Saturday, January 12, 2013

Openness as an Excuse

I briefly, and somewhat poorly in my own opinion, tried to explain how the openness of the Code4Lib community was being used as an argument against anonymous proposal voting. Well, the latest First Monday has an article titled "'Free as in Sexist?' Free Culture and the Gender Gap" wherein Joseph Reagle makes my point in a far more articulate manner:

At first, the claim that community openness can contribute to a gender gap seems nonsensical as there are no formal restrictions on participation. However, as Freeman (1996) argued, implicit structures and dynamics still exist in the absence of formal ones. For example, a computer science department may not have an exclusionary policy towards female students, but privileging a narrow and obsessive focus might miss female candidates. Similarly, while some might argue any effort to block problematic users is a step away from openness, a chaotic culture of undisciplined vandals would equally disenfranchise those who wish to make a positive contribution [12]. Hence, following Freeman, one might distinguish between formal and informal forms of discrimination. While an open community does not formally discriminate, alienating behavior can still manifest from difficult people and sexist behavior.
The article goes much further (this is just the introductory paragraph of the section that discusses this phenomenon).

Philosophical Digression

To me, using the innate value of openness as an excuse to avoid something empirically proven to increase participation from marginalized groups is a specifically ethical failure. It comes from a deontological stance, as if some spurious and undefined essence of openness is more important than the effects of a particular instance of openness. The antithesis to deontology is consequentialism, which argues that an act's value lies only in its effects or consequences.

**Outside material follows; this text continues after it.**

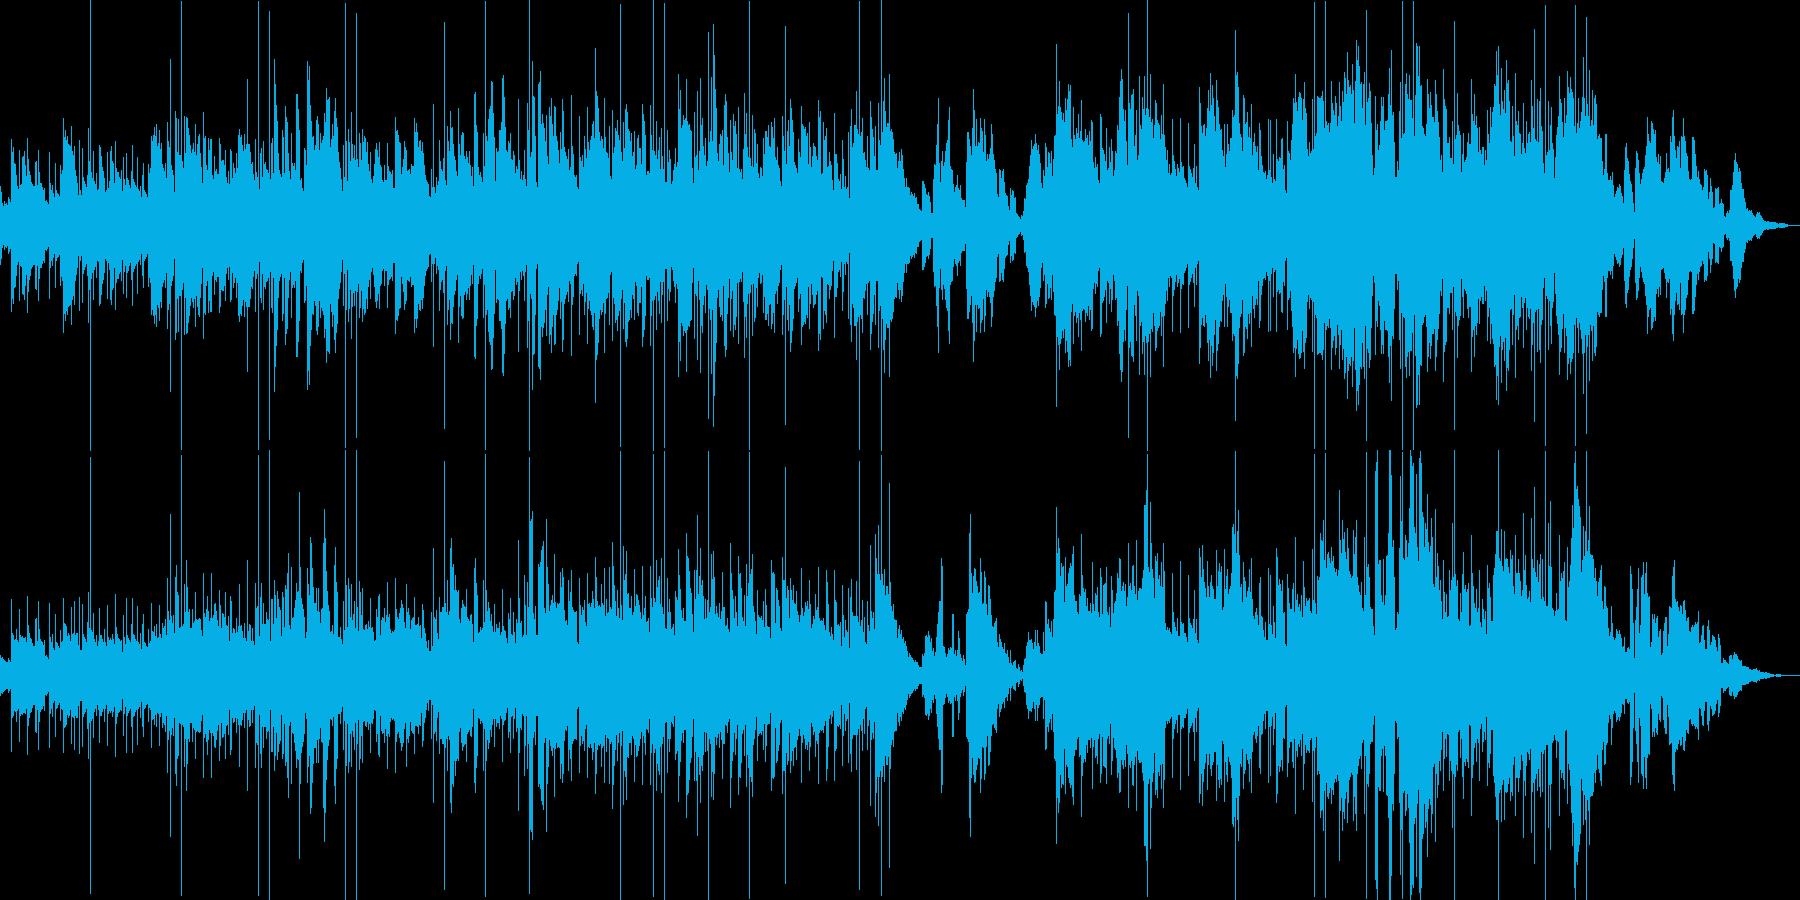 揺らめく水の流れのような旋律の再生済みの波形
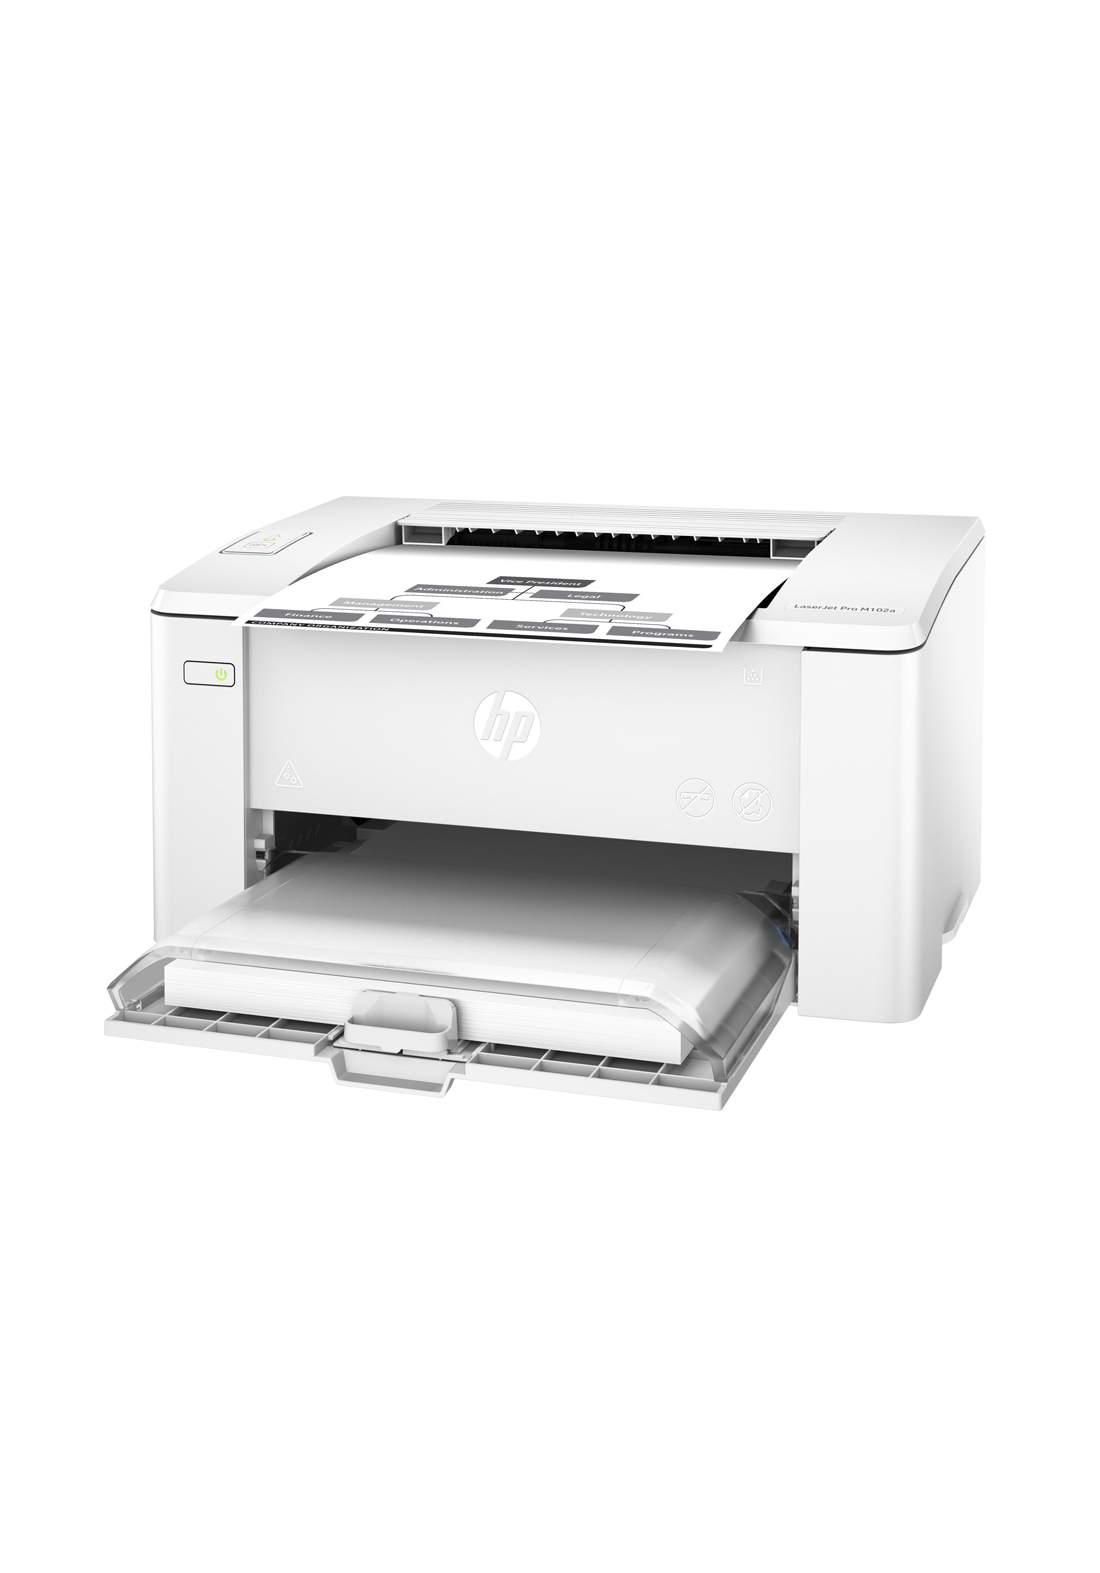 HP LaserJet Pro M102a Printer - White طابعة

There is no such thing as innate value.

The article's reference to blocking problematic users is particularly apt; I just finished reading a book on Wikipedia which discusses how Wikipedia's ideal of "the encyclopedia anyone can edit" is worth sacrificing precisely in such a situation. The world's most open encyclopedia blocks users and is better for it. An open community can have a closed sub-community support group and be better for it as well.

2 comments:

  1. Well, the author of the article and the book are the same person, so that makes sense :).

    ReplyDelete
  2. Yeah, I actually did not notice that until after I wrote the post.